→ Exercise prompt:
Leave the images aside and copy out the whole listing, exact to the word.

→ Recorded information:
####

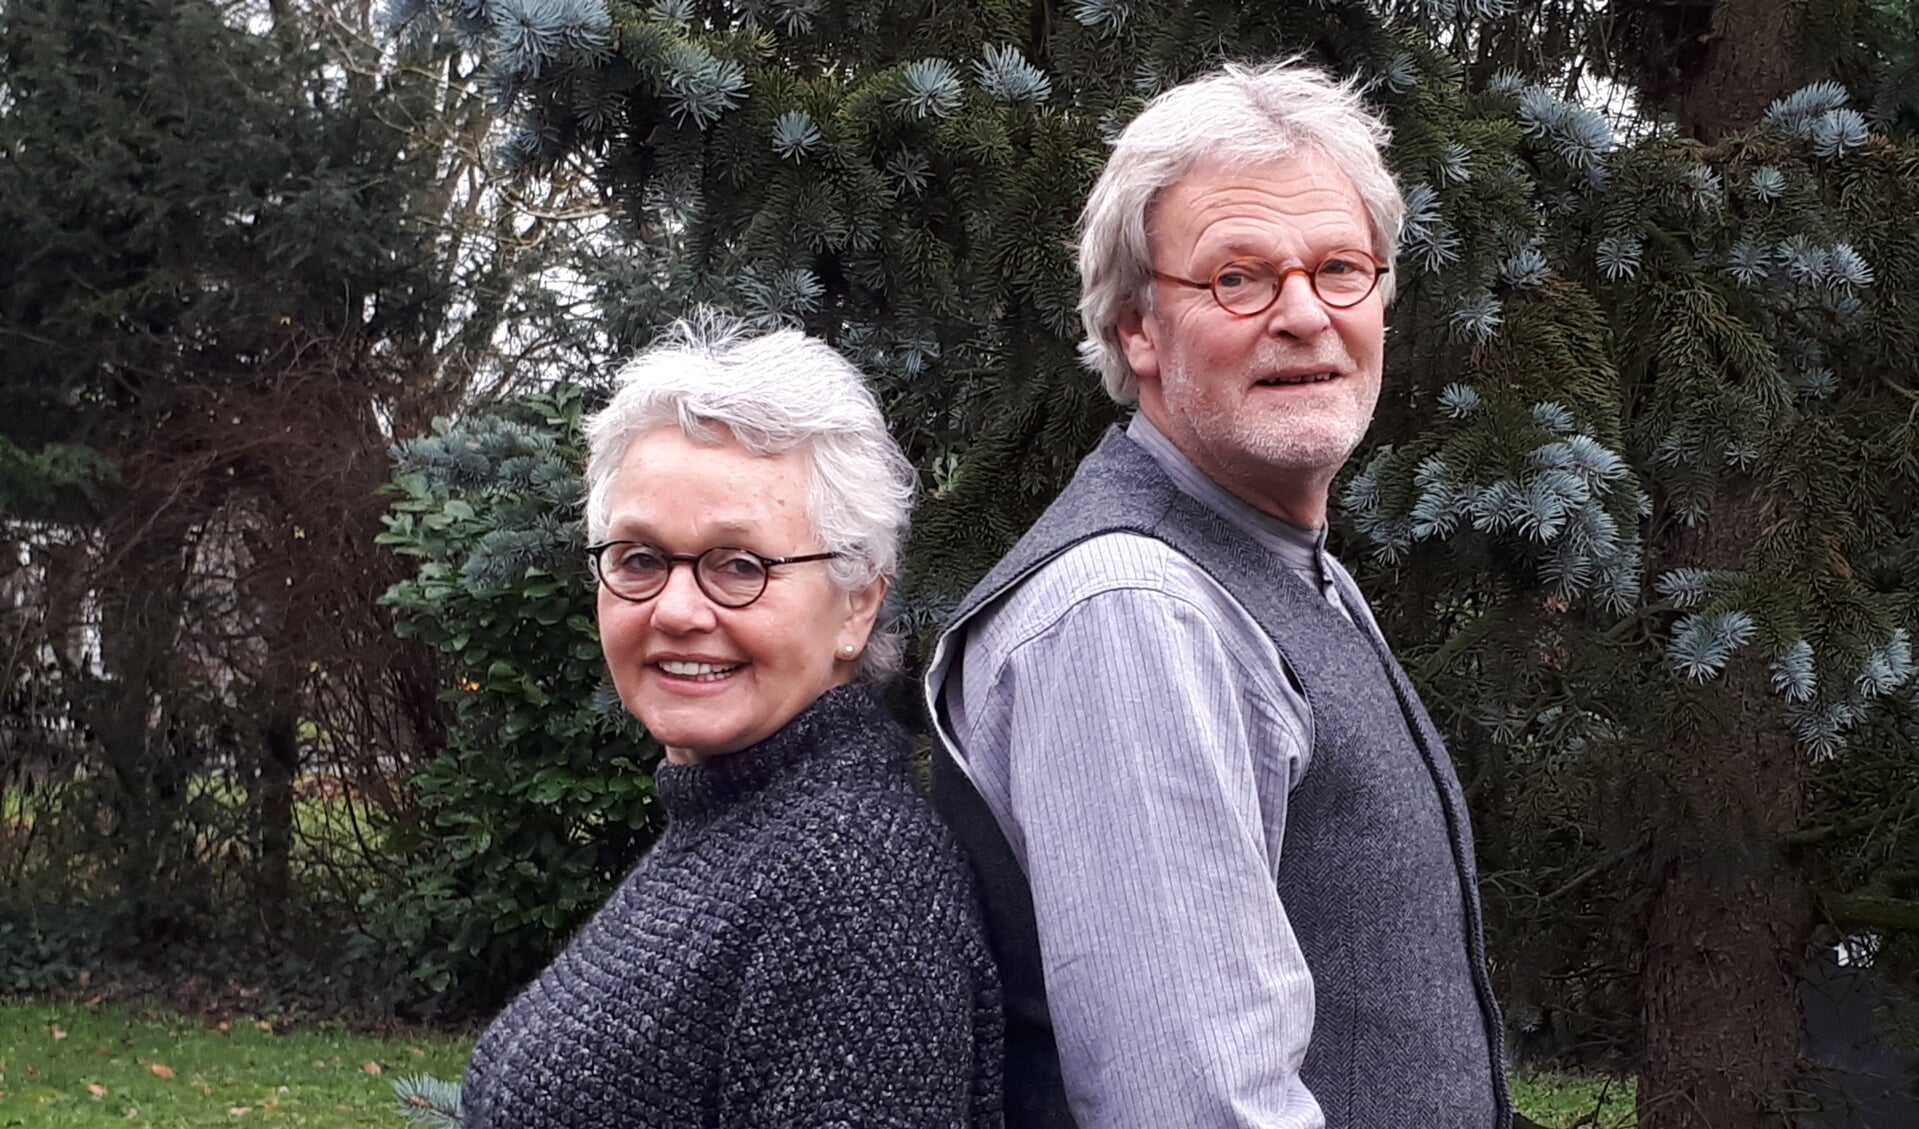 Helma Coolman en Huub de Graaff organiseren de Heuvelruggespraak over klimaatverandering.
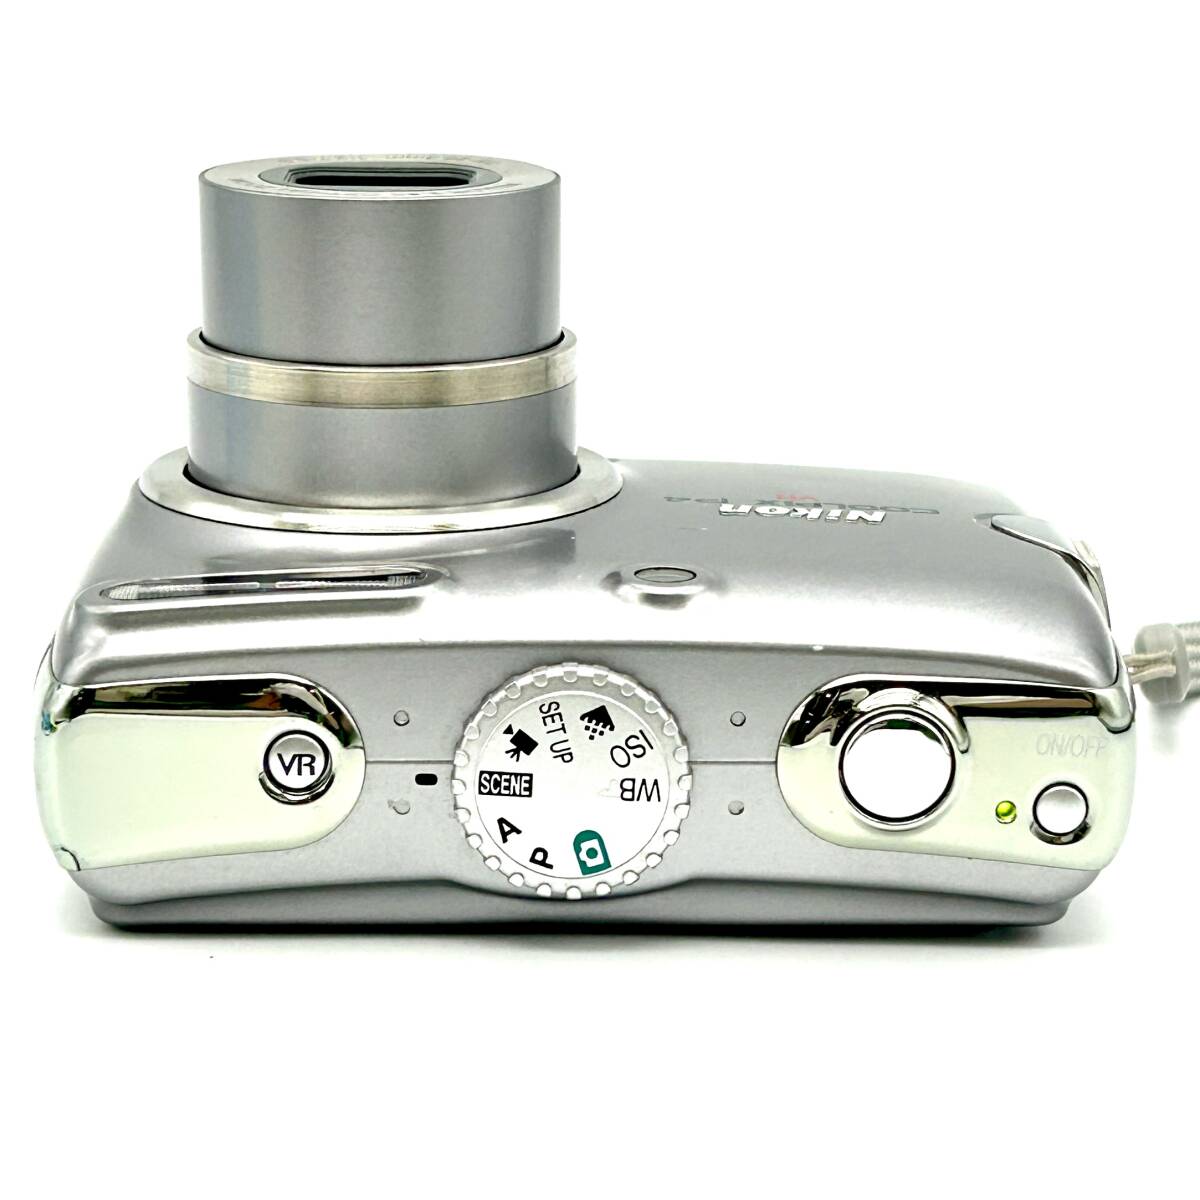 HY1514■【シャッター・フラッシュOK】Nikon ニコン COOLPIX クールピクス P4 VR CAMERA カメラ デジタルカメラ コンパクトの画像4
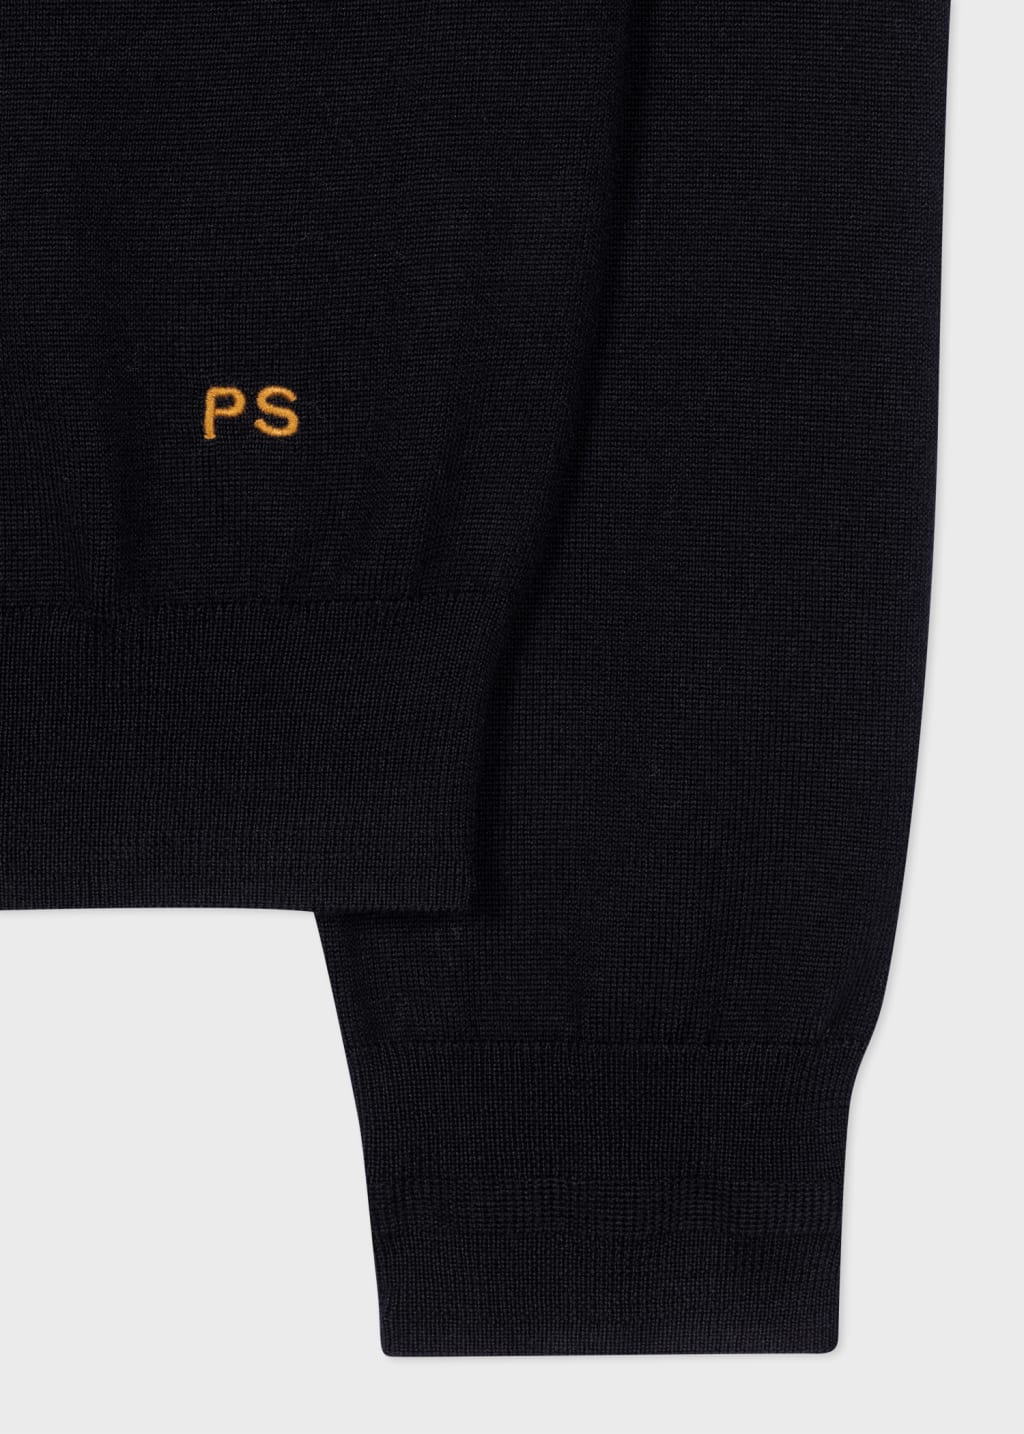 Detail View - Black And Orange Merino Wool Half Zip Sweater Paul Smith

####

→ Answer to the exercise:
 Helma Coolman en Huub de Graaff organiseren de Heuvelruggespraak over klimaatverandering.
 HY1514■【シャッター・フラッシュOK】Nikon ニコン COOLPIX クールピクス P4 VR CAMERA カメラ デジタルカメラ コンパクトの画像4
 Detail View - Black And Orange Merino Wool Half Zip Sweater Paul Smith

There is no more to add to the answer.